***** Dataset excerpts

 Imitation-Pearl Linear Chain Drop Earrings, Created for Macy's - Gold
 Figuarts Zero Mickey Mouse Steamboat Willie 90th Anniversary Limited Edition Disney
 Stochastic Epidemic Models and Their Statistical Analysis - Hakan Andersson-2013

**********
***** Dataset excerpts

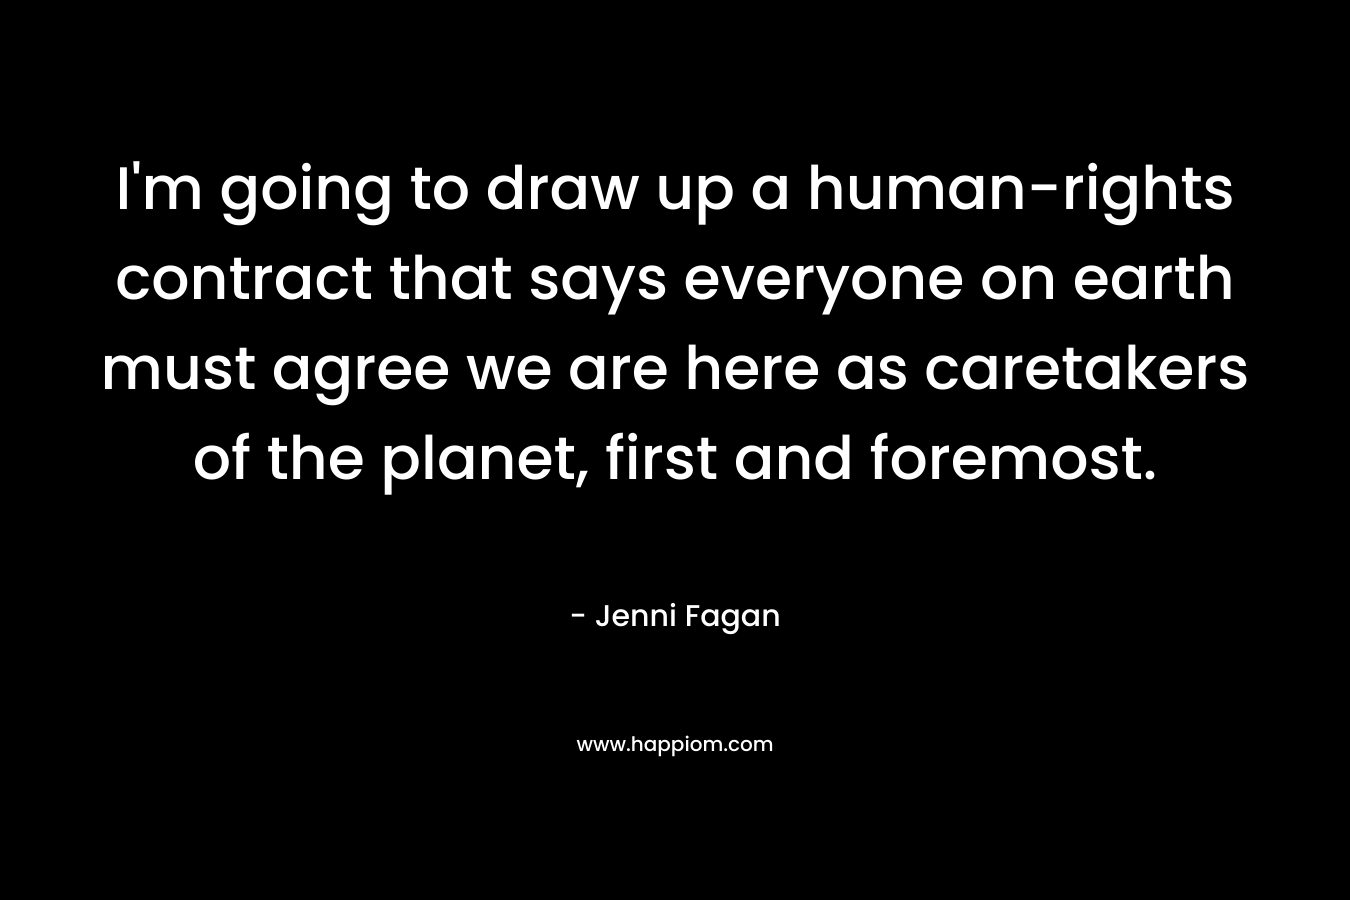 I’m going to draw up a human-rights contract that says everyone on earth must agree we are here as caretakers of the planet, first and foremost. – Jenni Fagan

**********

__What is required__. After locating the line with "Imitation-Pearl Linear Chain" above, return that line and every later line through the one with "Stochastic Epidemic Models", word for word and with nothing else.

__Result of the exercise__.
 Imitation-Pearl Linear Chain Drop Earrings, Created for Macy's - Gold
 Figuarts Zero Mickey Mouse Steamboat Willie 90th Anniversary Limited Edition Disney
 Stochastic Epidemic Models and Their Statistical Analysis - Hakan Andersson-2013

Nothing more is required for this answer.